For this particular representation, we take the observer's zenith to be 40o north of the equator and the horizon to be the last ring in the picture. The projection of two rings are specifically shown in red and blue and the total projection as it would have appeared on a climate is below.





Lines of Equal Azimuth:

Here we take angles at 90o (blue arc) and 60o (red arc) and focus on these. Lines of azimuth were only represented above the line of horizon and so these azimuth lines are cut off by the horizon ring. The climate projection is again show below the represented earth.





Hour Angles:

Hour angles we drawn only beneath the horizon line although they extended all way to the North Pole. These lines mark the hours of the day: twelve for day and twelve for night... we only represent one set in this picture.





Part 4

What’s Chaucer got to do with it?

We’re finally nearing the end of this project, but the important question still remains, what does Geoffrey Chaucer, author of The Canterbury Tales, Troilus and Criseyde and many other works, have to do with the astrolabe?

Well, as mentioned in the introduction, the astrolabe was an extremely popular instrument during the Middle Ages, which lasted (depending on who you talk to) from about the 4th century to the end of the 14th century A.D. Chaucer just happened to have been born and lived about this time (1343? - 1400) and so, as a learned man of some means (he was a government official, customs officer, justice of peace and was elected to Parliament), he would have been fairly familiar with the astrolabe.

In 1391, Chaucer wrote a work entitled "A treatise on the Astrolabe". The introduction of the work would imply that it was written for his son, however it may have been written instead for the son of a friend, Lewis Clifford. Whoever it was written for, the boy most likely died in 1391, which is why Chaucer’s work was never finished. "A treatise on the Astrolabe", according to the F.N. Robinson edition, is the oldest known "technical manual" in the English Language and it was compiled from different foreign sources. The introduction, which we have reproduced below, is however, Chaucer’s very own. Included with the original introduction is an extremely loose translation (the emphasis here is on loose!) of it into modern English:

Lyte Lowys my sone, I aperceyve wel by certeyne evydences thyn abilite to lerne sciences touching nombres and proporciouns; and as wel considre I thy besy praier in special to lerne the tretys of the Astrelabie.

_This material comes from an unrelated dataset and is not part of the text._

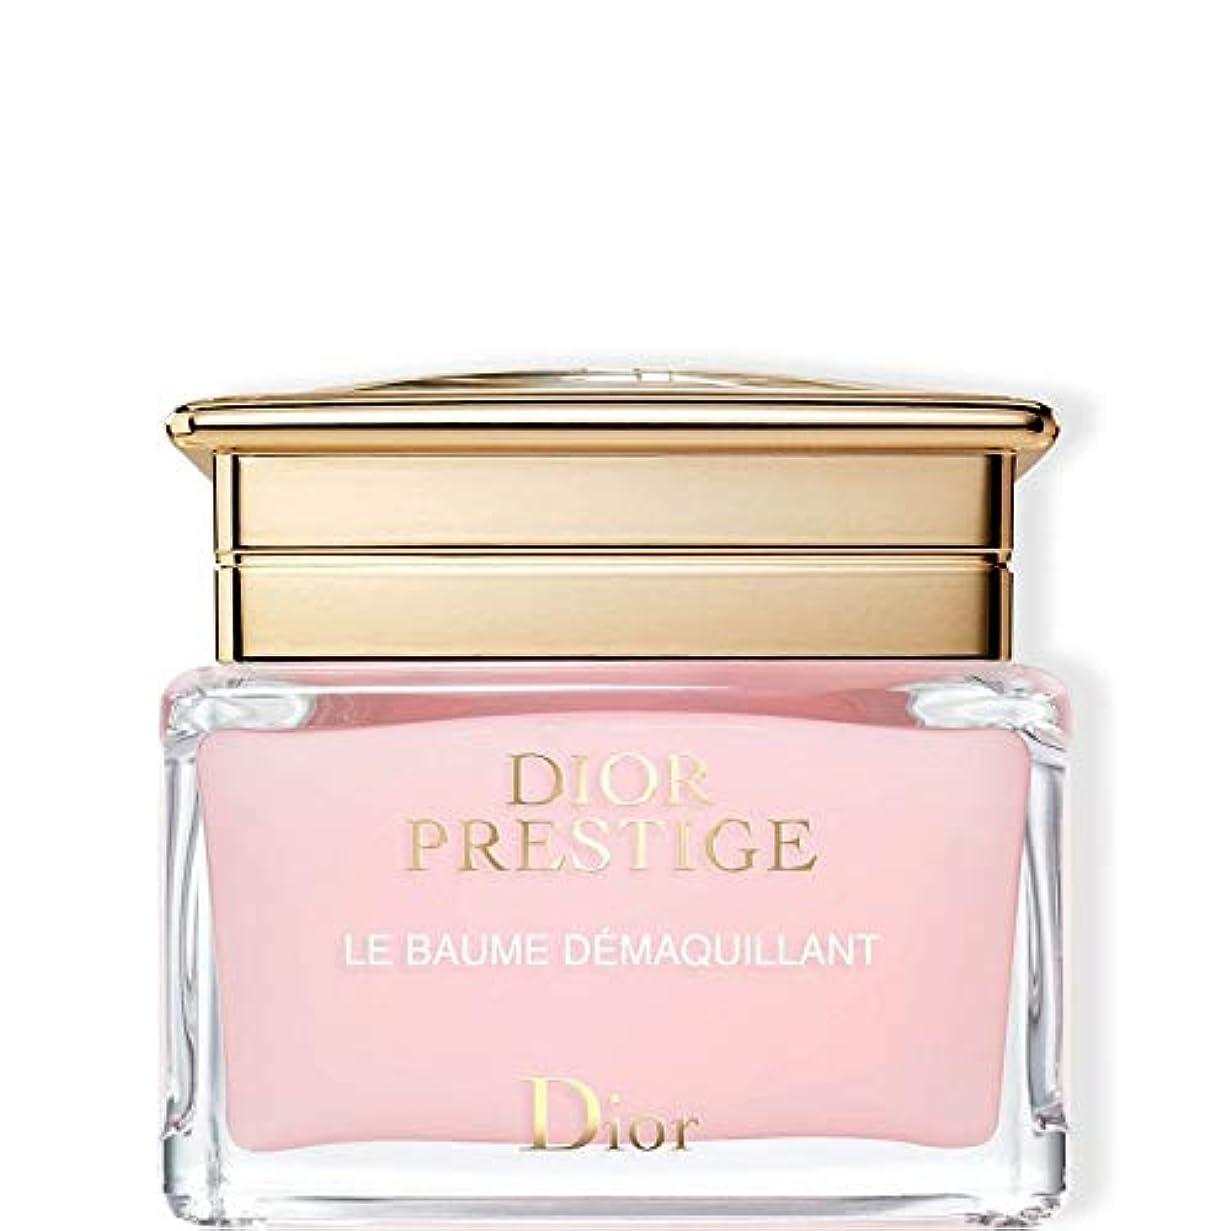 とげのある収束友情Dior(ディオール) プレステージ ル バーム デマキャント 150mL

Than for as mochel as a philosofre saith, "he wrappith him in his frend, that condescendith to the rightfulle praiers of his frend," therfore have I latitude of Oxenforde; upon which, by mediacioun of this litel tretys, I purpose to teche the a certein nombre of conclusions aperteynyng to the same instrument. I seie a certein of conclusions, for thre causes. The first cause is this: truste wel that alle the conclusions that han be founde, or ellys possibly might be founde in so noble an instrument as is an Astrelabie ben unknowe parfitly to eny mortal man in this regioun, as I suppose. An-other cause is this, that sothly in any tretis of the Astrelabie that I have seyn there be somme conclusions that wol not in alle thinges parformen her bihestes; and somme of hem ben to harde to thy tendir age of ten yeer to conceyve.

This tretis, divided in 5 parties, wol I shewe the under full light reules and naked wordes in Englissh, for Latyn ne canst thou yit but small, my litel sone. But natheles suffise to the these trewe conclusions in Englissh as wel as sufficith to these noble clerkes Grekes these same conclusions in Grek; and to Arabiens in Arabik, and to Jewes in Ebrew, and to the Latyn folk in Latyn; whiche Latyn folk had hem first out of othere dyverse langages, and writen hem in her owne tunge, that is to seyn, in Latyn. And God woot that in alle these langages and in many moo han these conclusions ben suffisantly lerned and taught, and yit by diverse reules; right as diverse pathes leden diverse folk the righte way to Rome. Now wol I preie mekely every discret persone that redith or herith this litel tretys to have my rude endityng for excusid, and my superfluite of wordes, for two causes. The first cause is for that curious endityng and hard sentence is ful hevy at onys for such a child to lerne. And the secunde cause is this, that sothly me semith better to writen unto a child twyes a god sentence, than he forgete it onys.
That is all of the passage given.